## Exercise
Could you repeat the data word for word while skipping the pictures?

## Data block

_ _ _ _ _ _ _

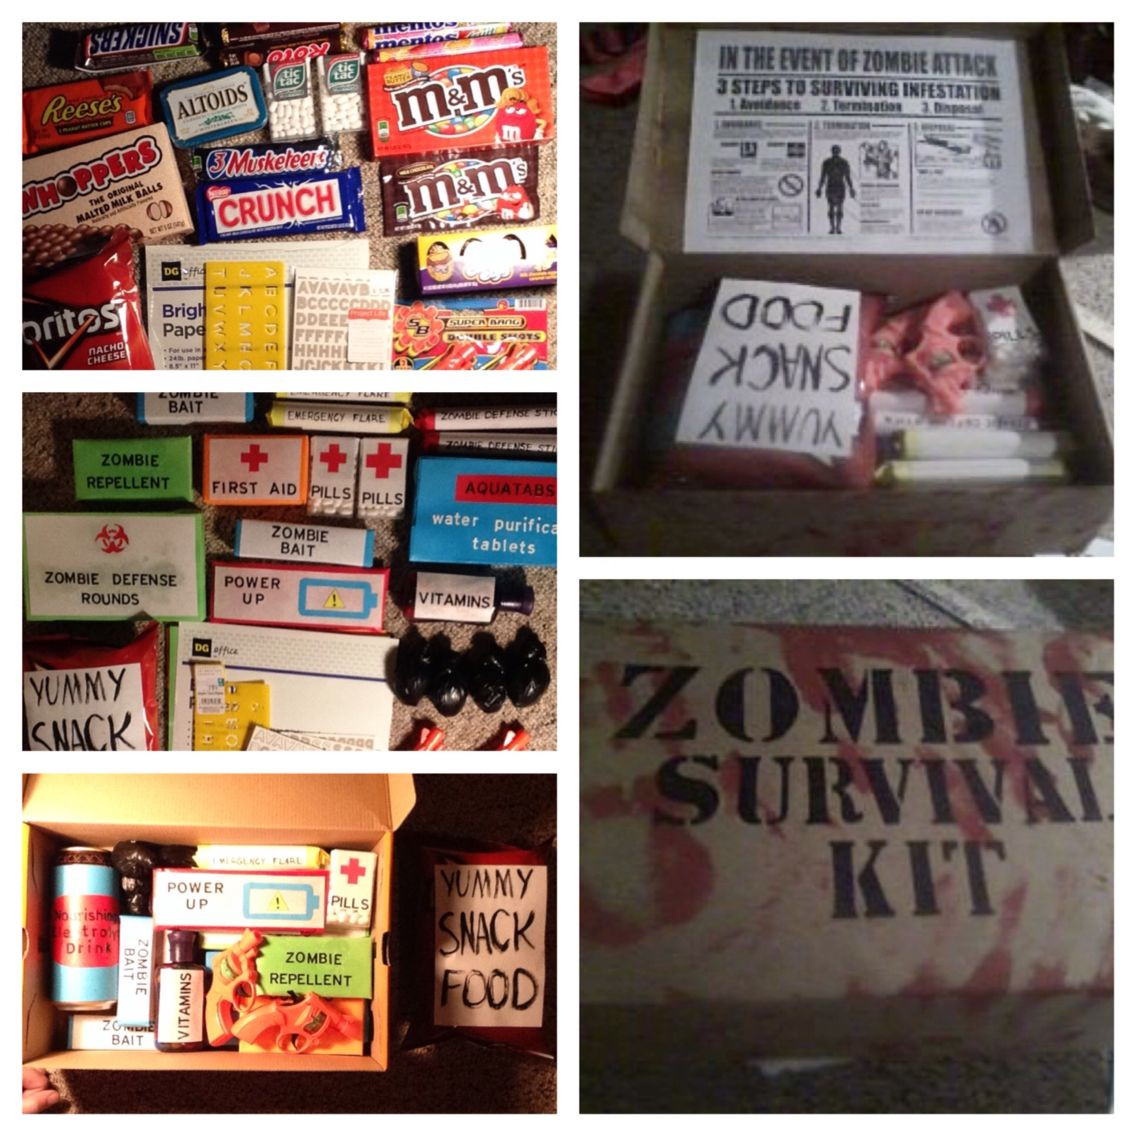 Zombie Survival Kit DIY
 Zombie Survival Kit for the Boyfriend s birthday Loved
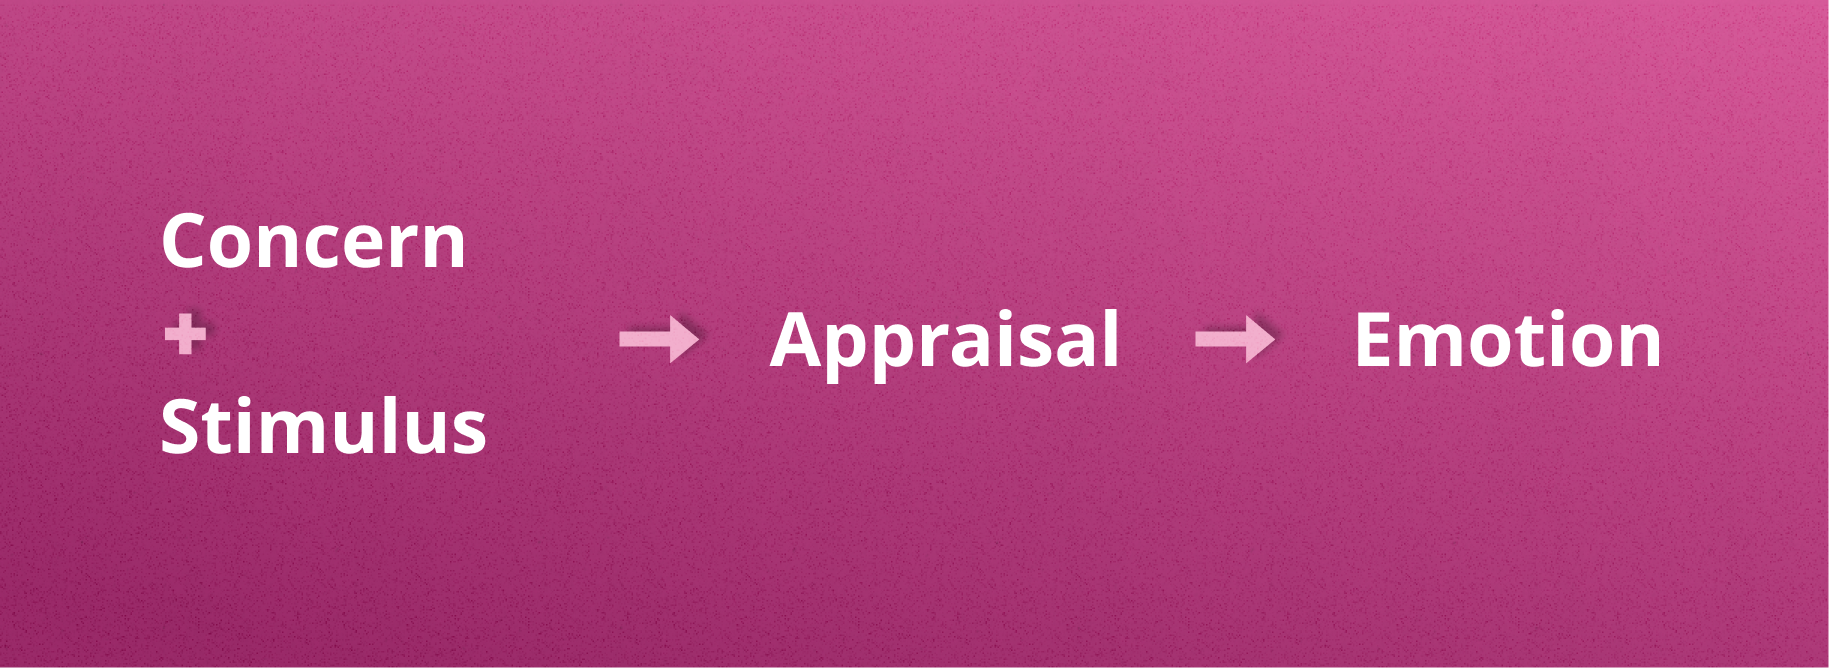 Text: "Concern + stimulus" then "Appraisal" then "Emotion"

_ _ _ _ _ _ _

## Answer area
 Zombie Survival Kit DIY
 Zombie Survival Kit for the Boyfriend s birthday Loved
 Text: "Concern + stimulus" then "Appraisal" then "Emotion"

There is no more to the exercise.